### Source data
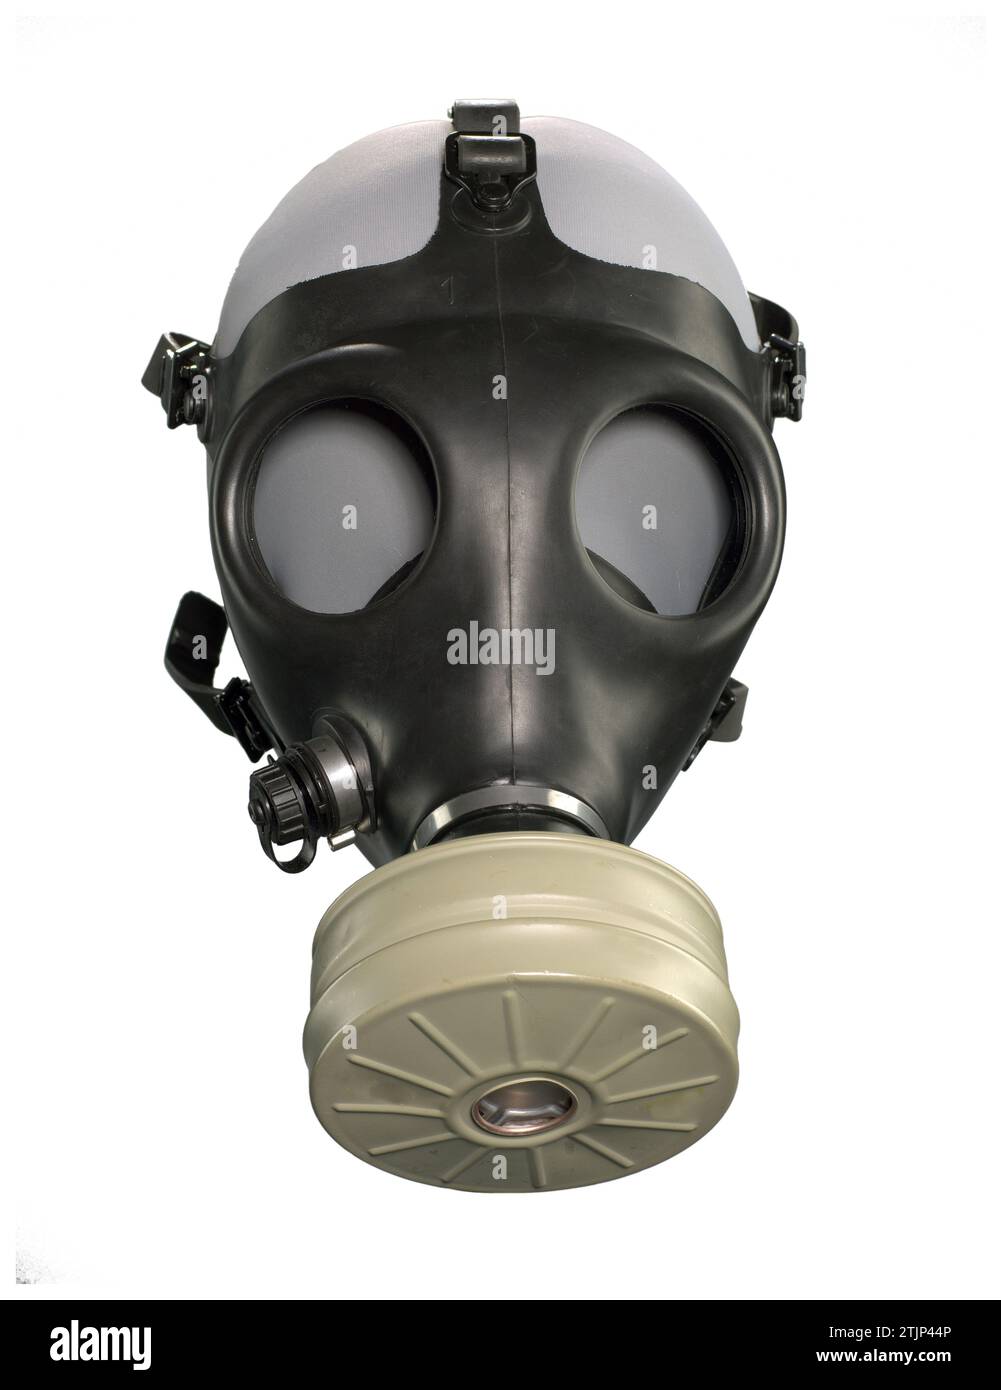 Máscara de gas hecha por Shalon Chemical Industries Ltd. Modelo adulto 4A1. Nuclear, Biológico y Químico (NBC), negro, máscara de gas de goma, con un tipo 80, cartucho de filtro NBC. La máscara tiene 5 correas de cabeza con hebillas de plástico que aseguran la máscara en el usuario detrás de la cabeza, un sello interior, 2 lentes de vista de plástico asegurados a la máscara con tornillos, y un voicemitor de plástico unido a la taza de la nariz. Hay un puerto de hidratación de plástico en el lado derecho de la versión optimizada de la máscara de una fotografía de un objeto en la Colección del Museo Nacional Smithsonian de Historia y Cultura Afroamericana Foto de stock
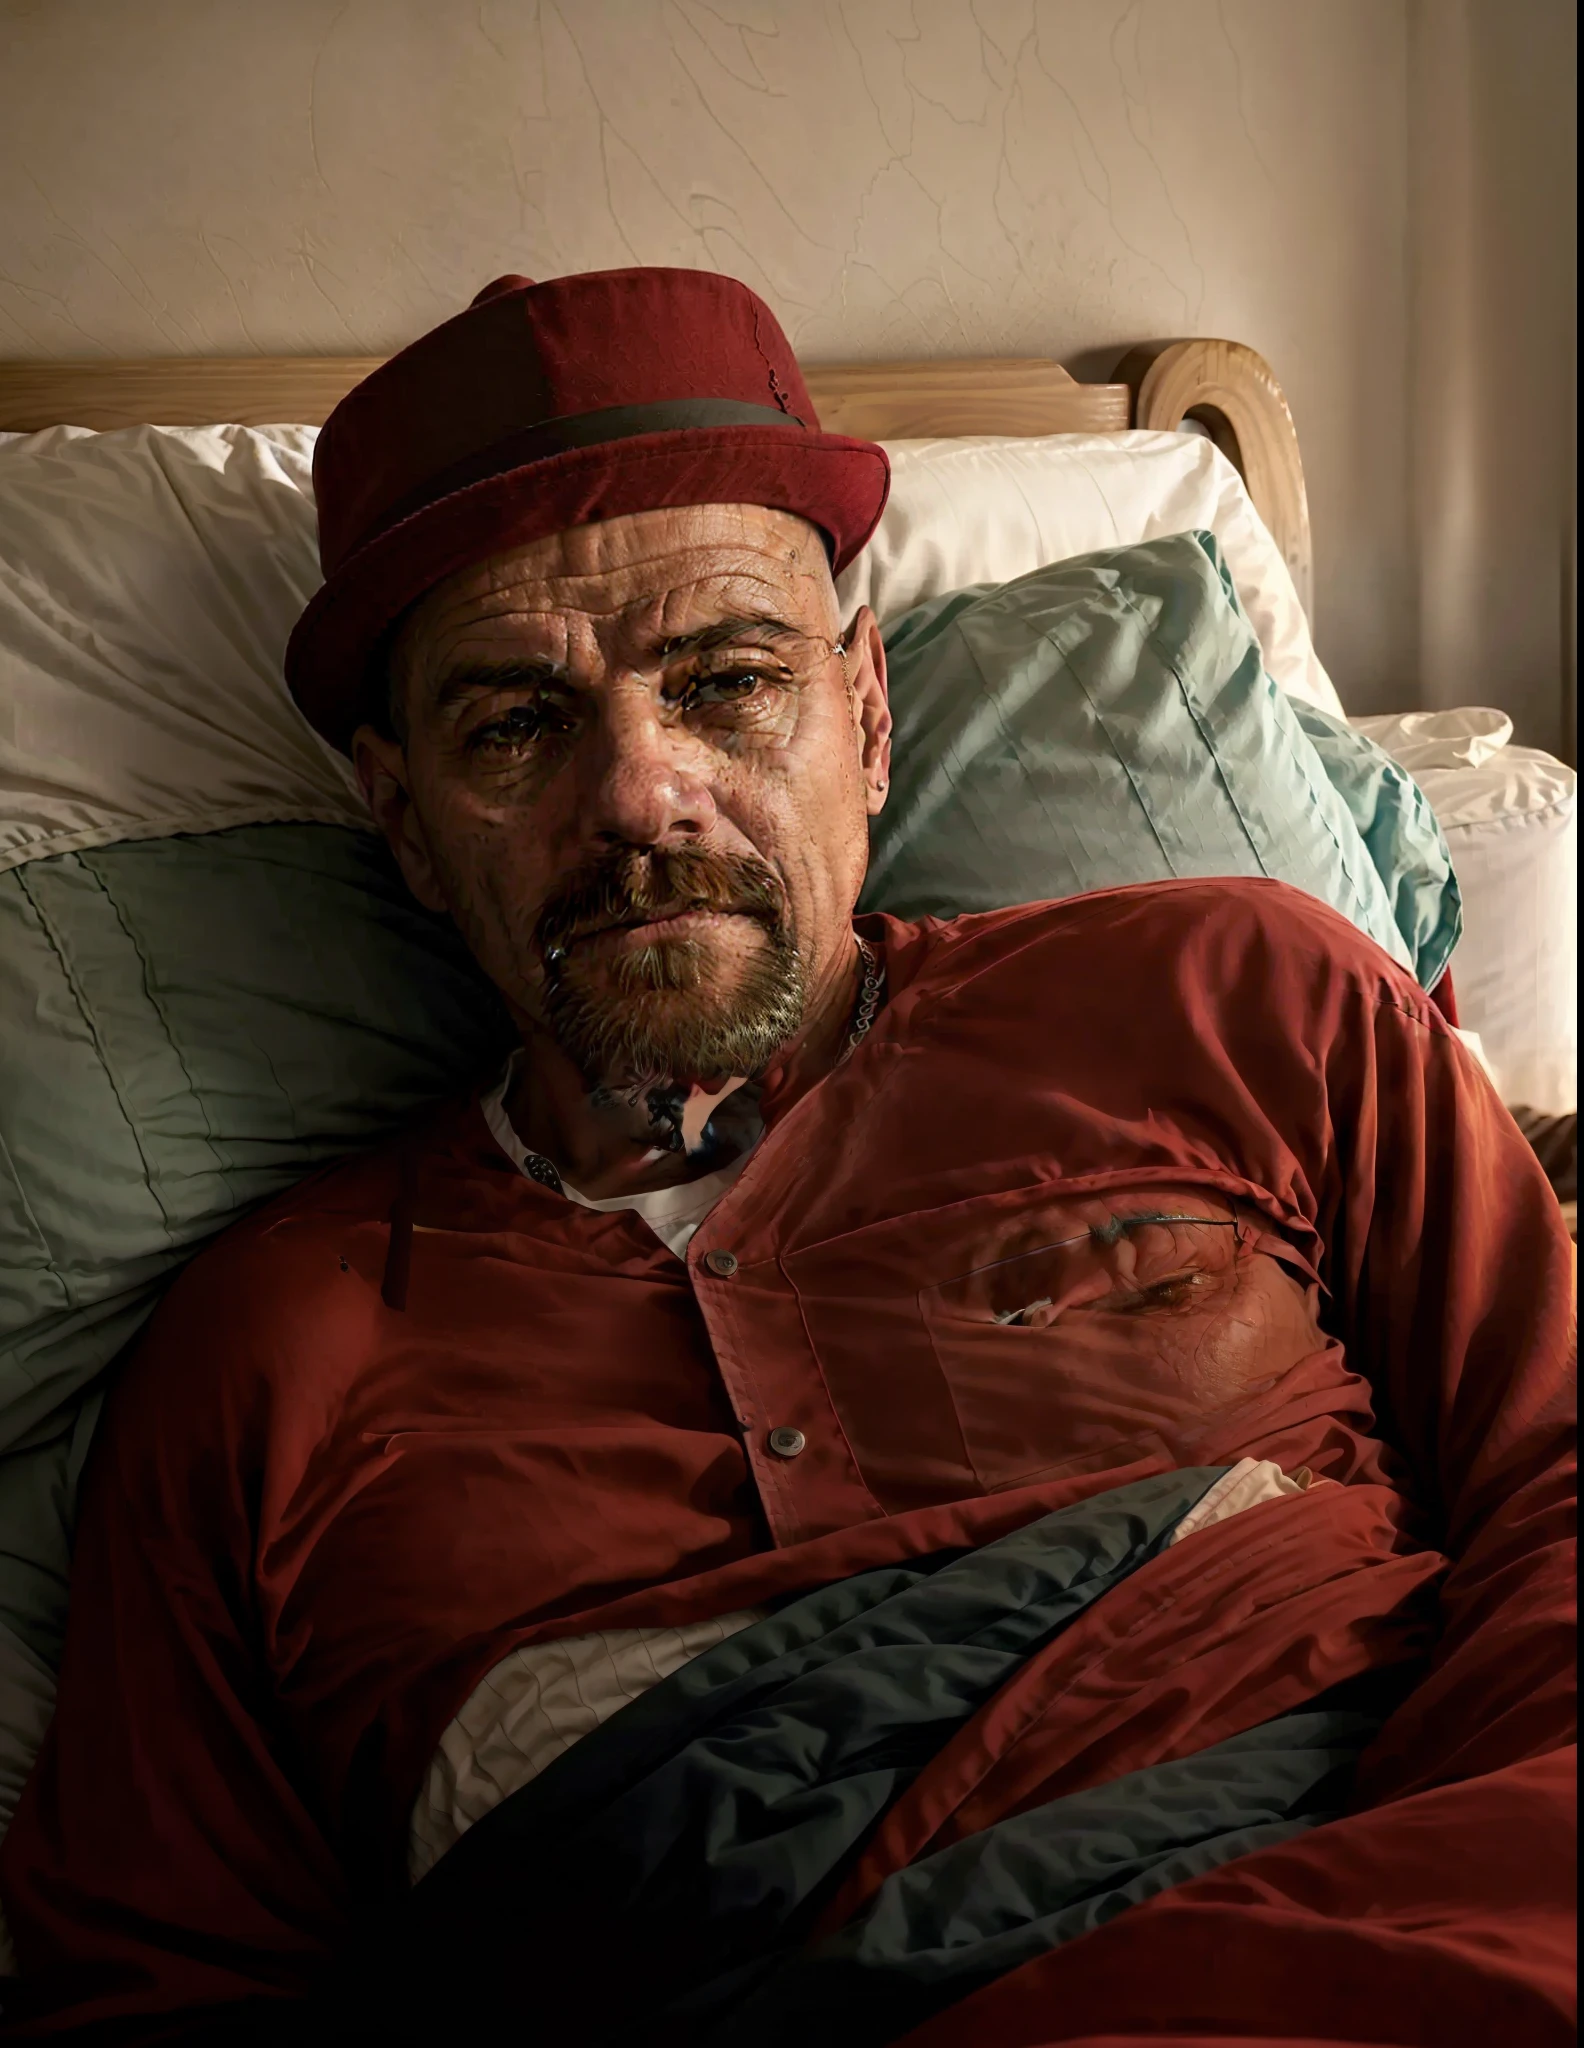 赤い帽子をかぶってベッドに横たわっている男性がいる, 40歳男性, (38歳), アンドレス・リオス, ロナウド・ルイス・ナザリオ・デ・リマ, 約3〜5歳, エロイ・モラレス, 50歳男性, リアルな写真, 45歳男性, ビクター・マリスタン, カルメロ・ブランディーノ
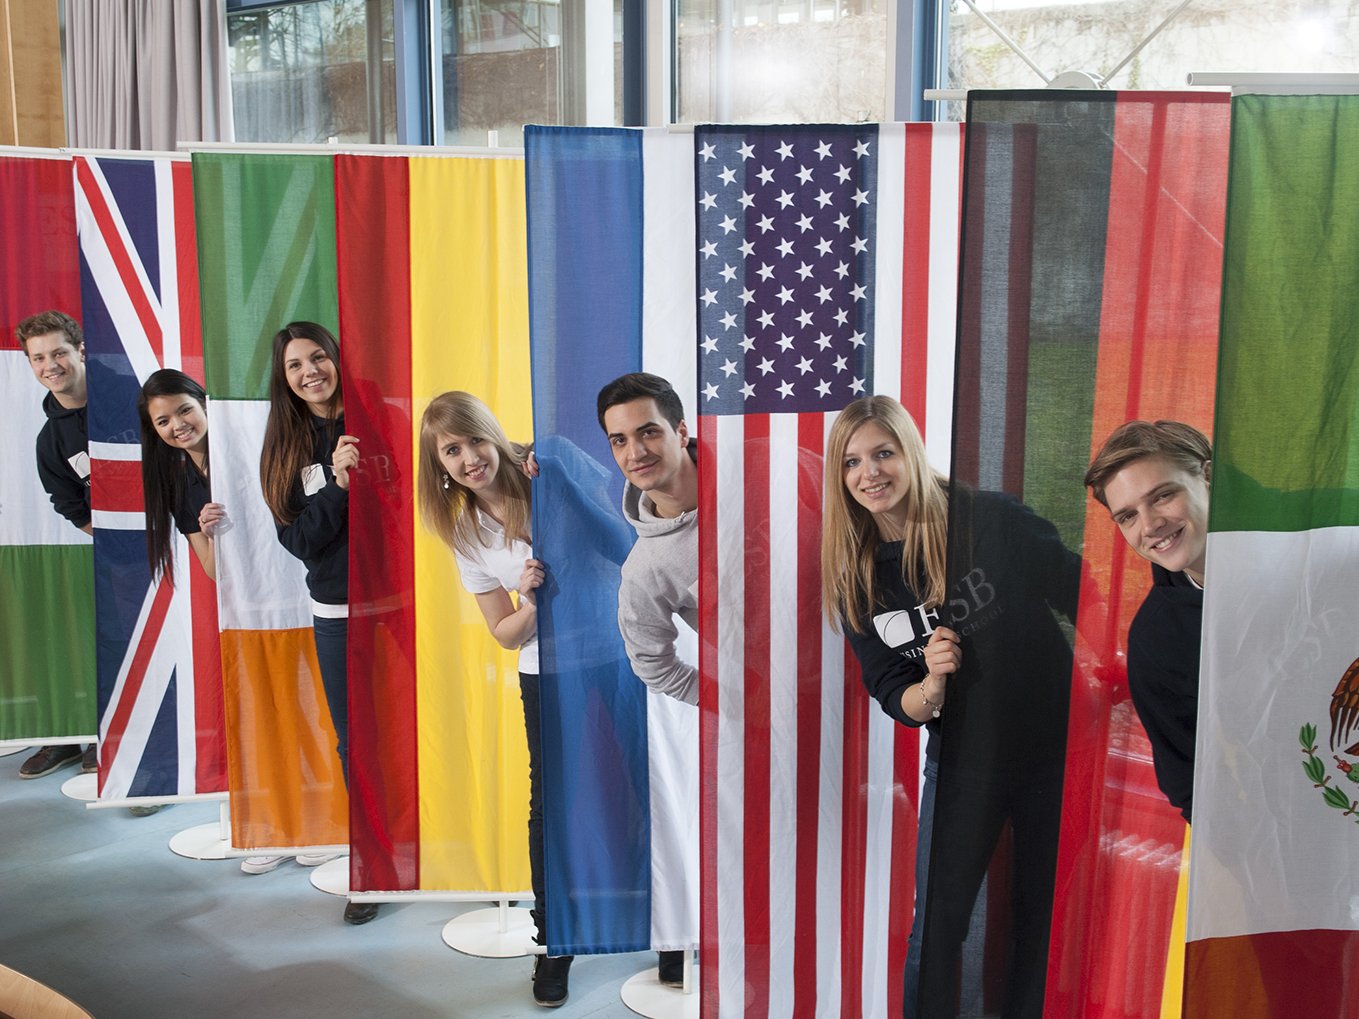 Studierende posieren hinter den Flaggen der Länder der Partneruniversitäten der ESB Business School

### What is being asked
With the pictures removed, set down the entire listing exactly.

### Your solution
 Máscara de gas hecha por Shalon Chemical Industries Ltd. Modelo adulto 4A1. Nuclear, Biológico y Químico (NBC), negro, máscara de gas de goma, con un tipo 80, cartucho de filtro NBC. La máscara tiene 5 correas de cabeza con hebillas de plástico que aseguran la máscara en el usuario detrás de la cabeza, un sello interior, 2 lentes de vista de plástico asegurados a la máscara con tornillos, y un voicemitor de plástico unido a la taza de la nariz. Hay un puerto de hidratación de plástico en el lado derecho de la versión optimizada de la máscara de una fotografía de un objeto en la Colección del Museo Nacional Smithsonian de Historia y Cultura Afroamericana Foto de stock
 赤い帽子をかぶってベッドに横たわっている男性がいる, 40歳男性, (38歳), アンドレス・リオス, ロナウド・ルイス・ナザリオ・デ・リマ, 約3〜5歳, エロイ・モラレス, 50歳男性, リアルな写真, 45歳男性, ビクター・マリスタン, カルメロ・ブランディーノ
 Studierende posieren hinter den Flaggen der Länder der Partneruniversitäten der ESB Business School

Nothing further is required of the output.